:: What to work on ::
The data must be given again exactly as written, with all images omitted.

:: Exercise data ::
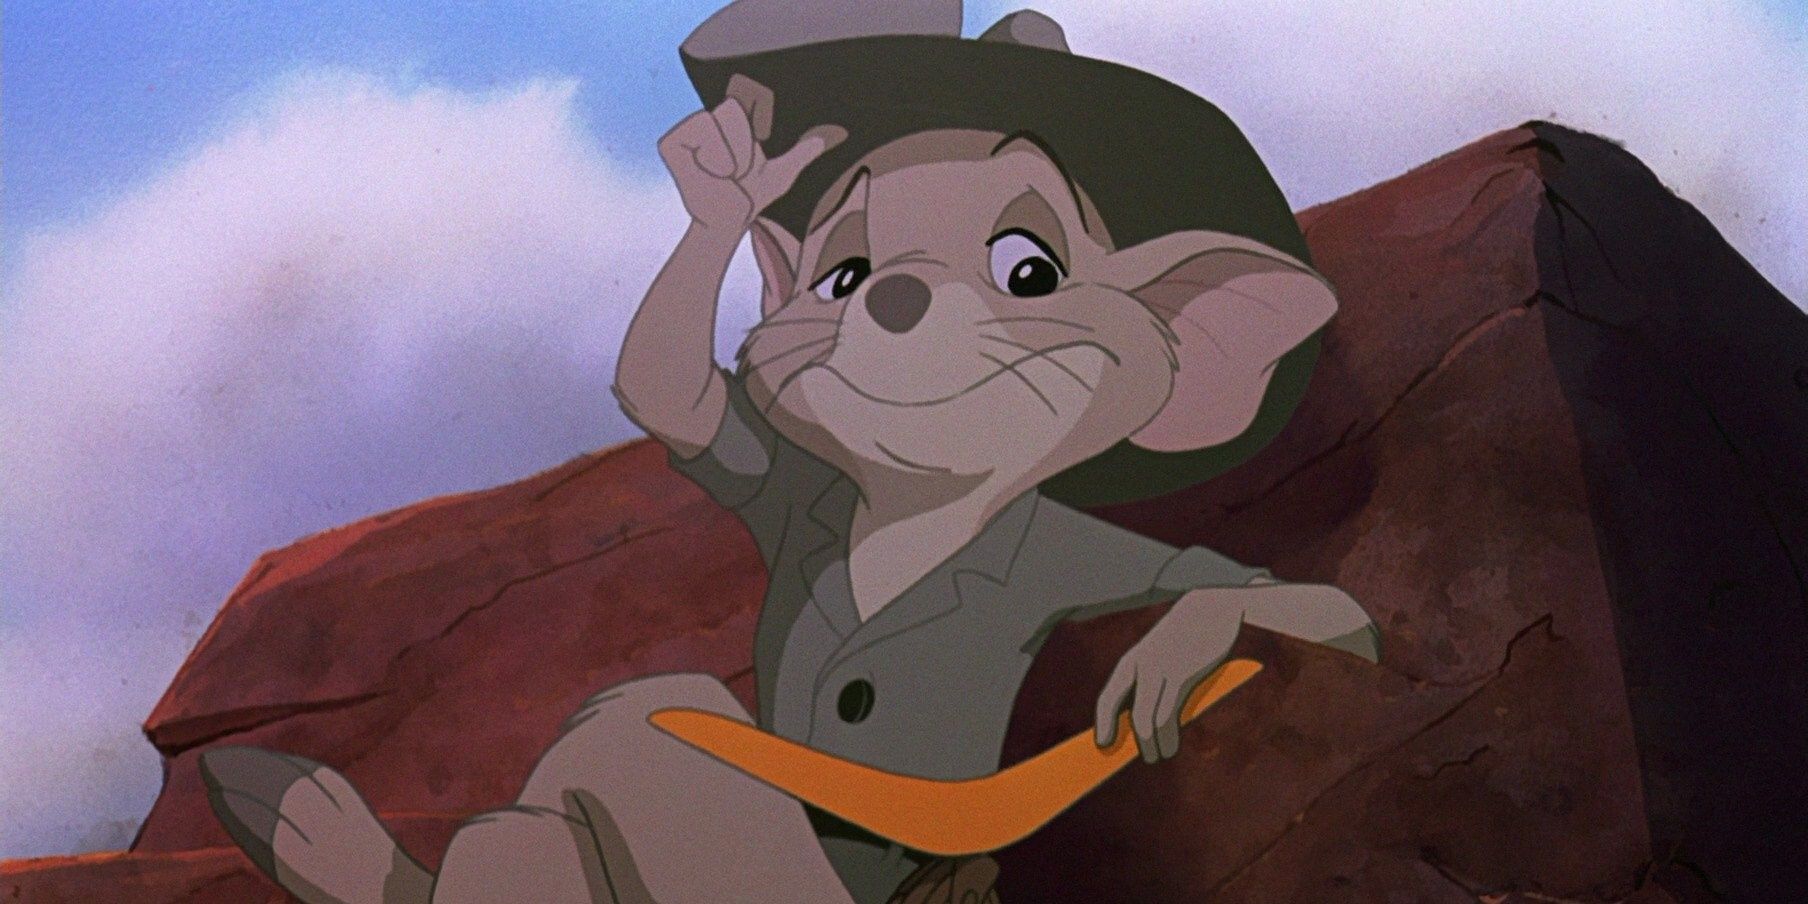 Jakes sitting on a rock in The Rescuers Down Under
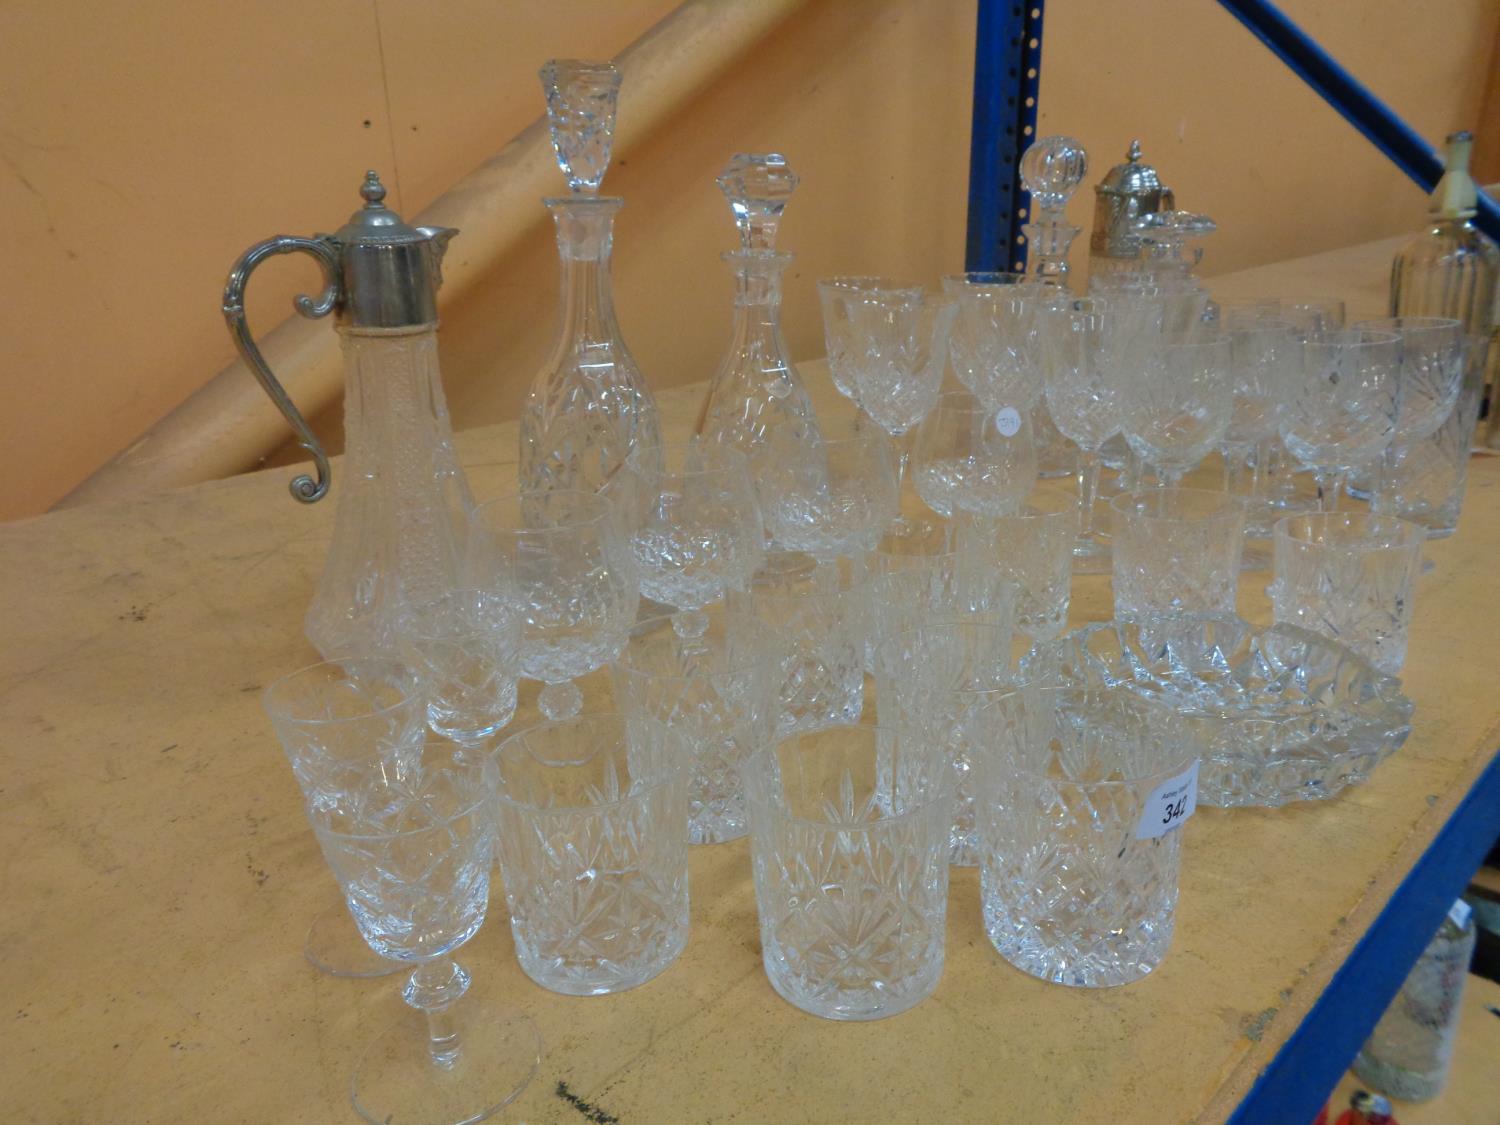 A LARGE COLLECTION OF GLASSWARE INCLUDING DECANTERS AND A VARIETY OF DRINKS GLASSES - Bild 3 aus 8
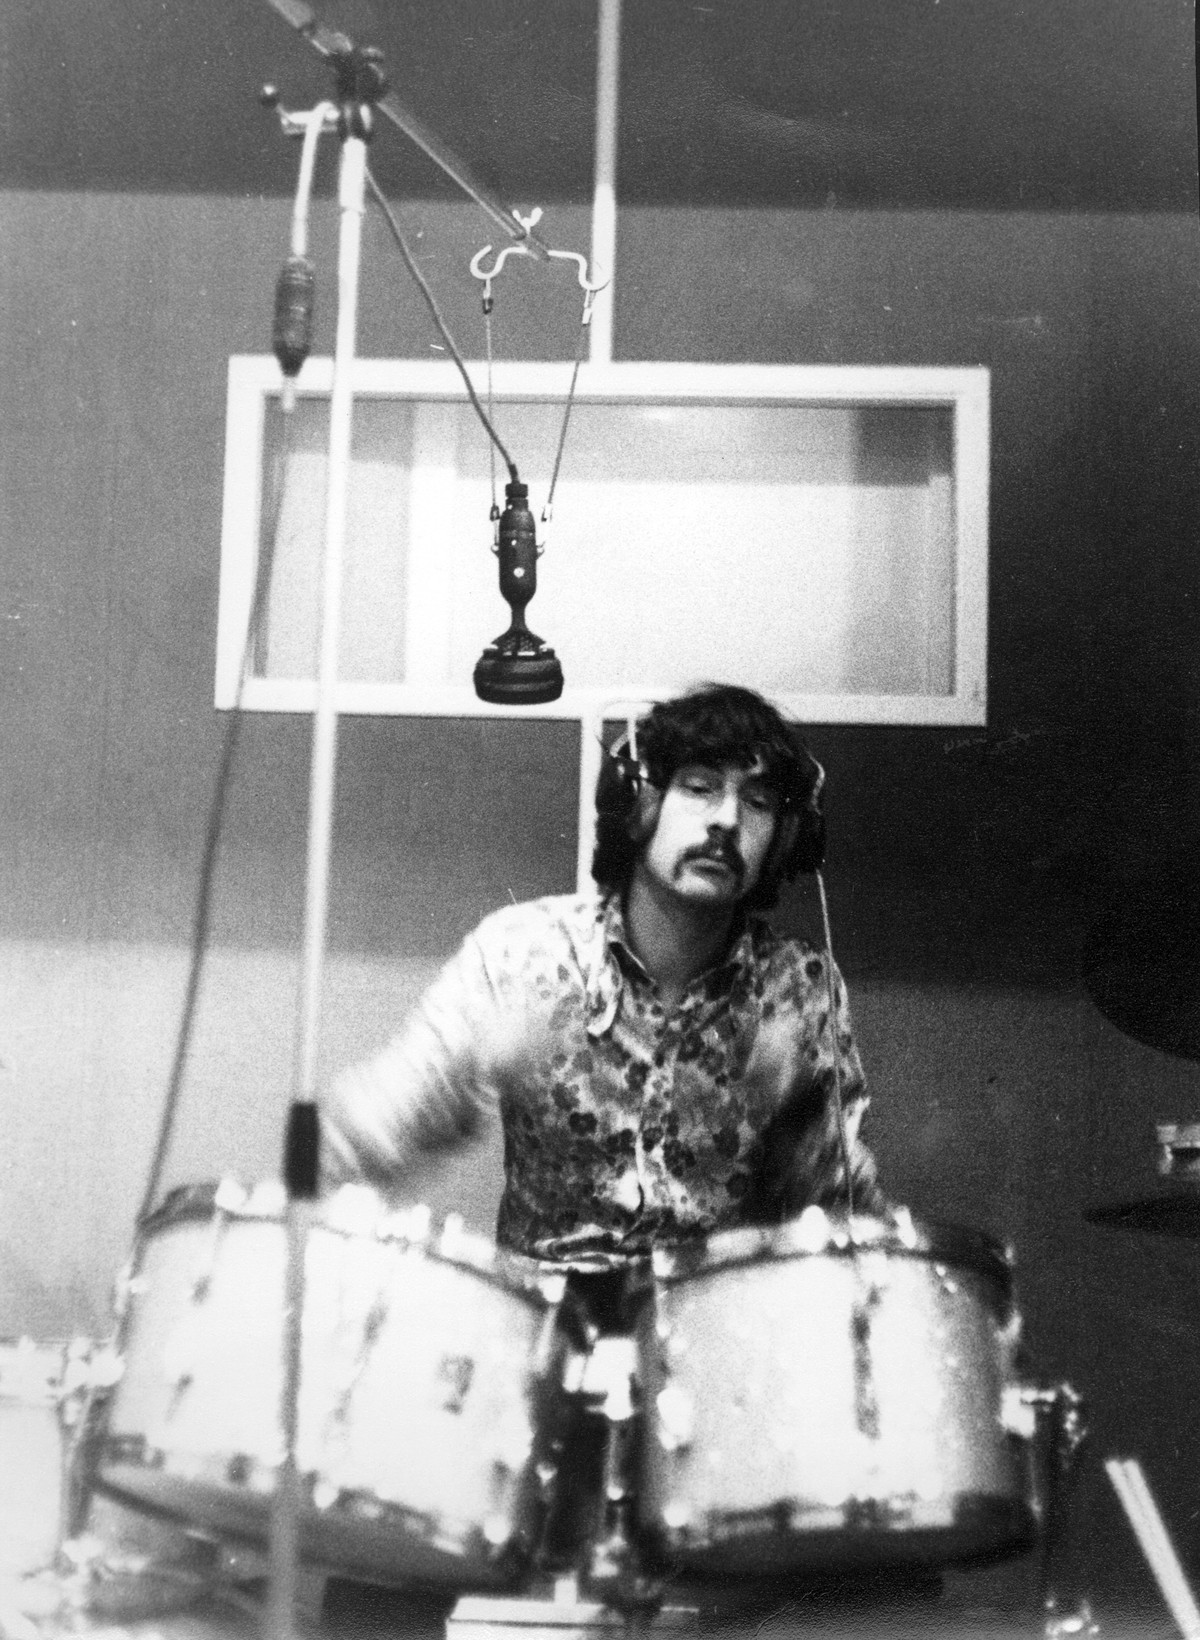 Trampas Mucho bien bueno Explicación Nick Mason: Behind the Scenes with Pink Floyd drummer | Tape Op Magazine |  Longform candid interviews with music producers and audio engineers  covering mixing, mastering, recording and music production.
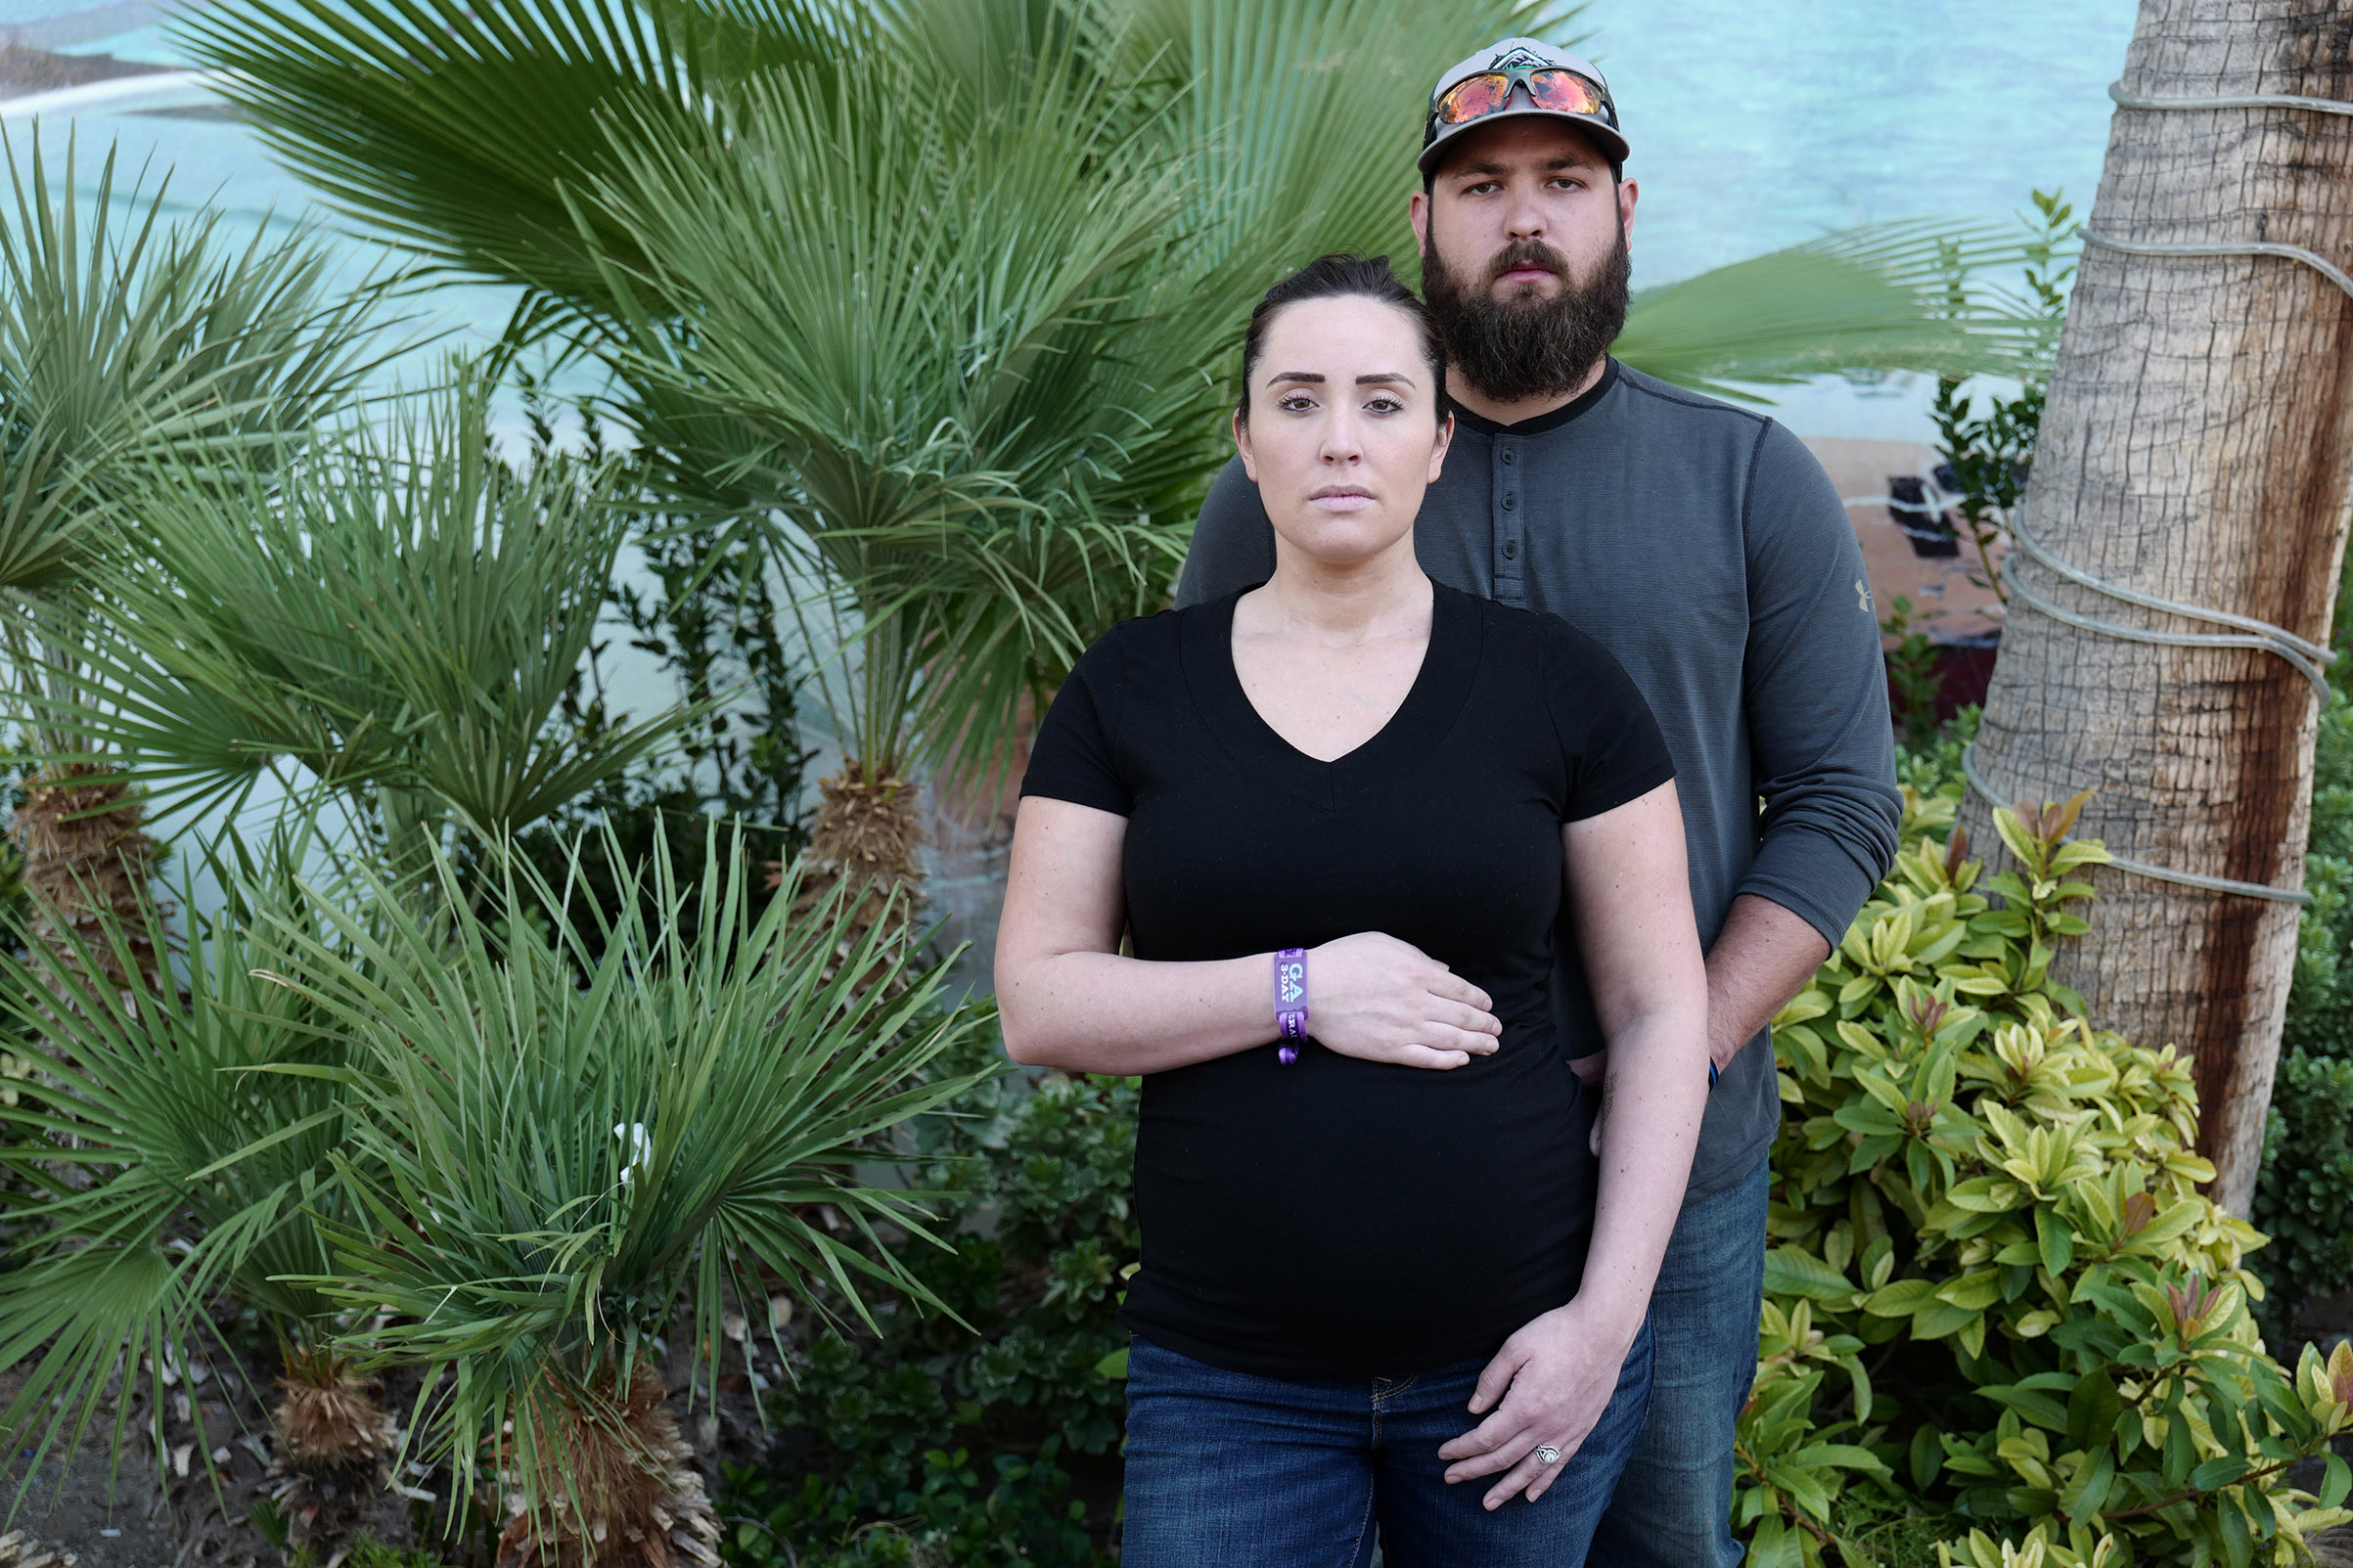 Kelsey Clark, age 25, (8 months pregnant), and husband Toby Clark, age 27, from Olympia, Washington, photographed in Las Vegas, Oct. 3, 2017. (Matt Stuart—Magnum for TIME)

:: Answer section ::
 Jakes sitting on a rock in The Rescuers Down Under
 A LARGE COLLECTION OF GLASSWARE INCLUDING DECANTERS AND A VARIETY OF DRINKS GLASSES - Bild 3 aus 8
 Trampas Mucho bien bueno Explicación Nick Mason: Behind the Scenes with Pink Floyd drummer | Tape Op Magazine |  Longform candid interviews with music producers and audio engineers  covering mixing, mastering, recording and music production.
 Kelsey Clark, age 25, (8 months pregnant), and husband Toby Clark, age 27, from Olympia, Washington, photographed in Las Vegas, Oct. 3, 2017. (Matt Stuart—Magnum for TIME)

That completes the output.